Sunday, July 3, 2011

It Started with a Book Report

It was somewhat of a challenge late May of this year to find a Newbery-award winning book for my 5th grade son to read for a book report. He reads significantly above his grade level and is easily bored. Self-described as an “I don’t believe in God person,” helping this literal child and Star Wars aficionado select a book that piqued his interest was no easy task. And then, searching for something else on my office bookshelves, I came across Madeline L’ Engle’s, A Wrinkle in Time.


The book is the first in a quintet of young adult novels that deal with deeply biblical themes. Published in 1962, A Wrinkle in Time explores salvific love through the emerging concepts of quantum physics. It sounds daunting, doesn’t it?


However, the story is more than readable and, for Christians, its themes will sound familiar. L ‘Engel was an Episcopalian who served as the librarian and author-in-residence at the Cathedral of St. John the Divine in New York City for much of her adult life. The main characters in this story, Meg Murry and her younger brother, Charles Wallace, set out across time to rescue their scientist father. The story is set in the cosmic drama of good against evil – love against lovelessness. The prologue of John’s Gospel echoes through the story and Christian readers will recognize Scriptural passages and familiar –although not named as such – biblical characters.
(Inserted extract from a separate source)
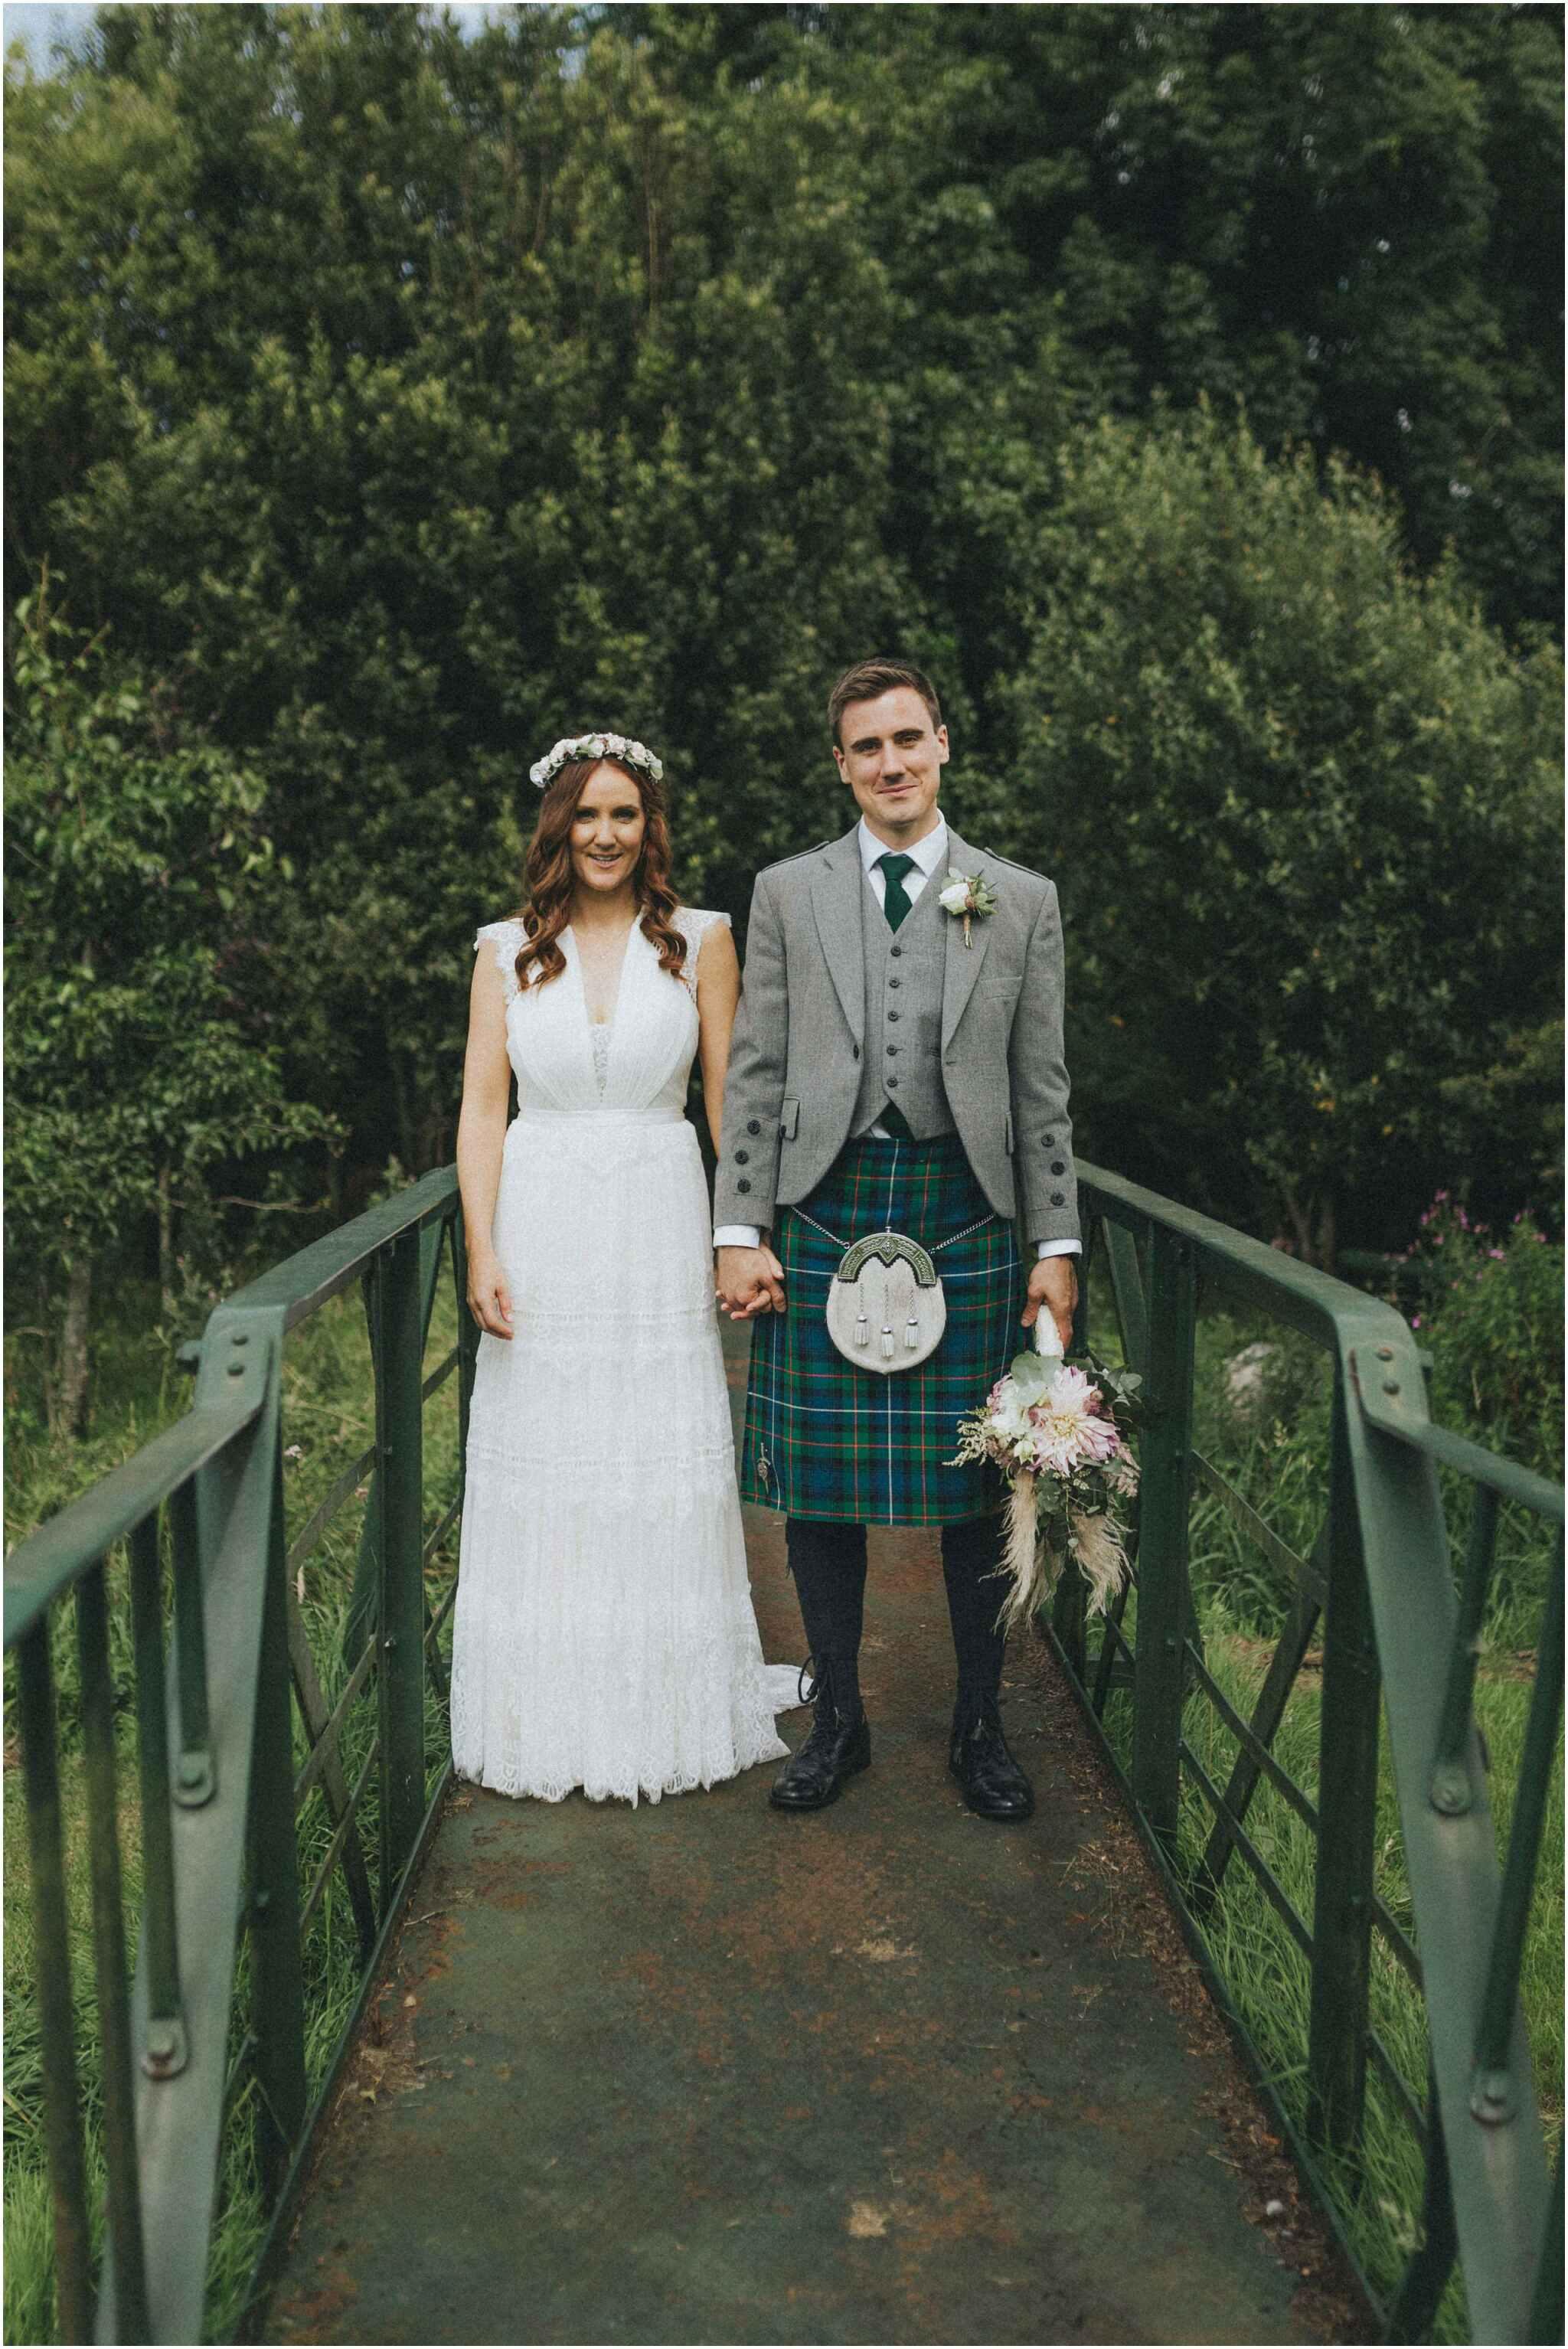 Fionnuala + Paul - Mount Druid Alternative Wedding 118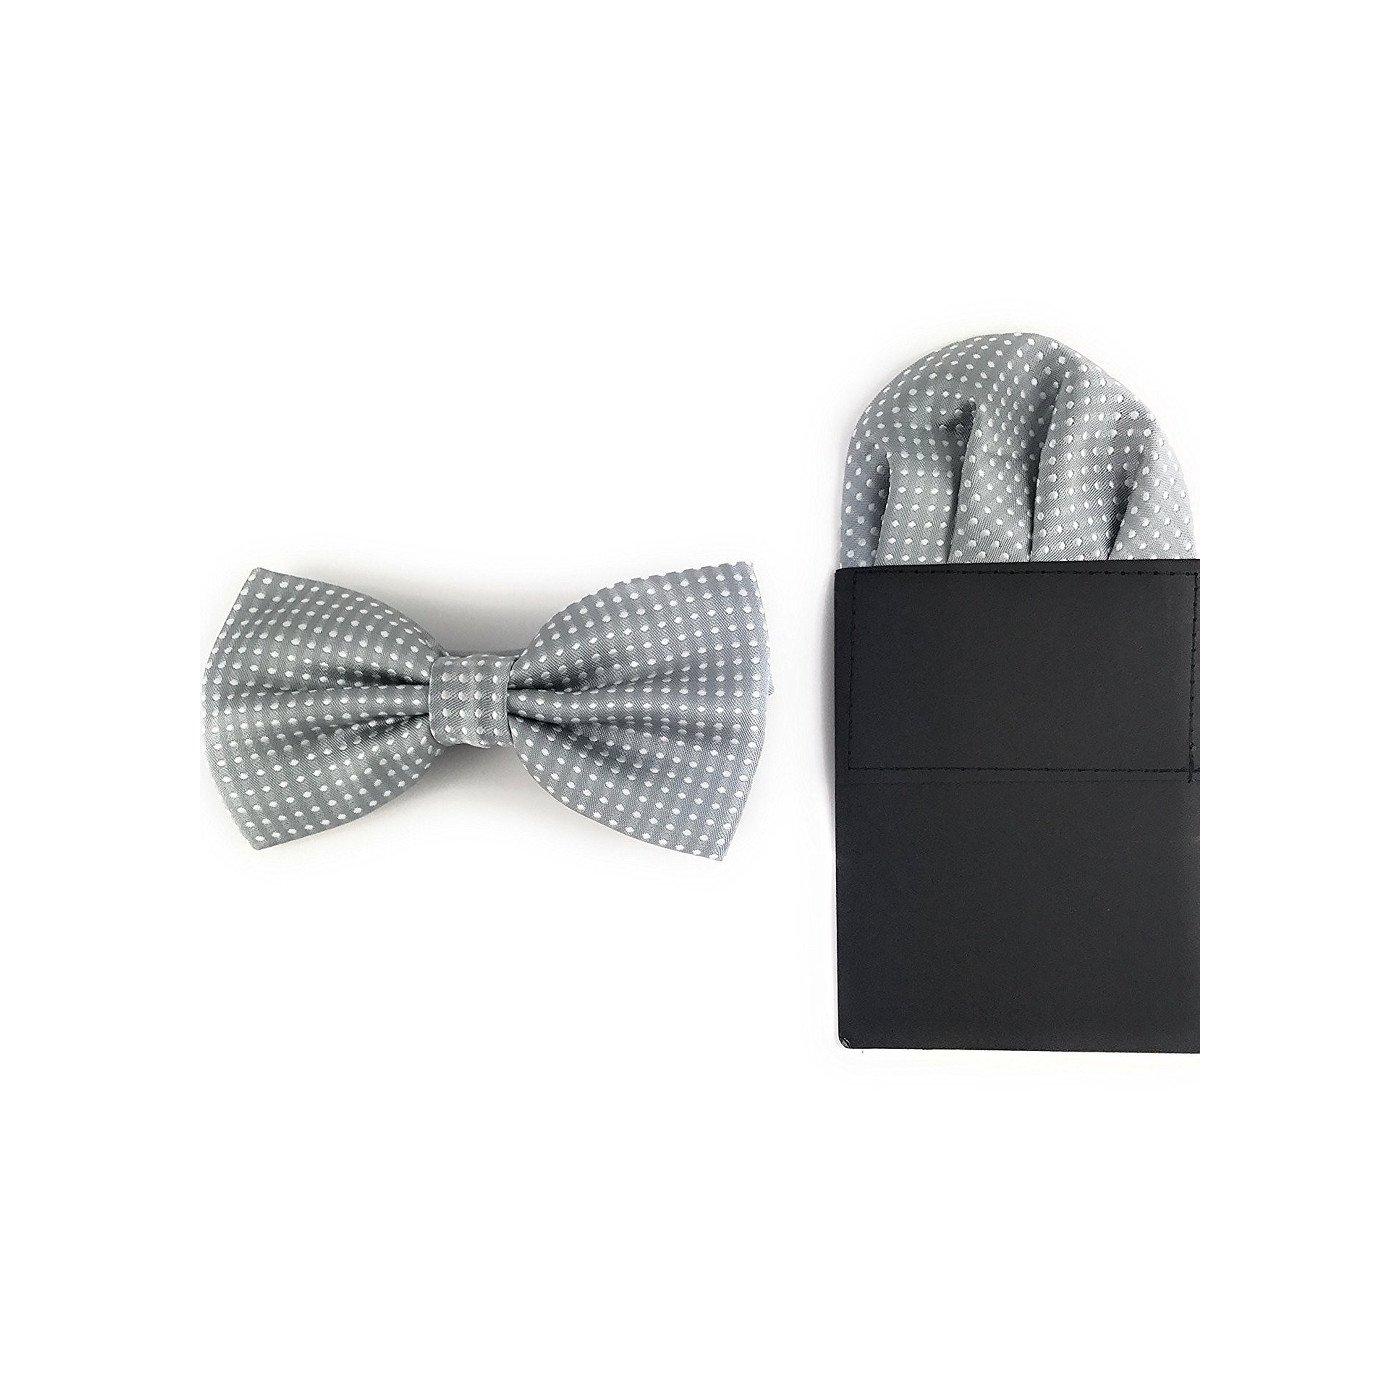 Label-Cravate - Pajarita - para hombre Gris gris perla Talla única ...

The book proved such an amazing way into a conversation with my son about Christian beliefs, values and practices, that we both the read the second book in the quintet, A Wind at the Door separately and then talked about it together. This book brought Psalm 139 to mind for me as we talked about height and depth, and the ways in which all life is connected to the source of Creation. My son found the science in this book interesting and it gave me the opportunity to really engage his newly emerging formal brain operations in thinking theologically. The discussions have delighted us both to the degree that we ordered the other three books in the Quintet and decided to read them out loud together over the summer months. We have just begun the third book, A Swiftly Tilting Planet and already we have discussed the balance of darkness and light in the Creation and some of the ways which that balance has been distorted by the choices human beings make. Genesis sings out from its pages. We can’t wait to see what happens next.


Early in my career as a Christian Educator, I taught an adult education class on making the theological links between secular children’s literature and biblical themes. And my experience with my son this spring and summer has reinforced my belief in the importance of Christian parents and educators reading the books their children read and drawing on the themes and parallels we find there. I remember reading The Runaway Bunny to my now 23 year-old-son for the umpteenth time and suddenly realizing that what I was hearing was Psalm 139. What books is/are your child/children reading this summer? And how can you help them make the connections between the values you find there and the Christian story in which you, your children and our faith community are living?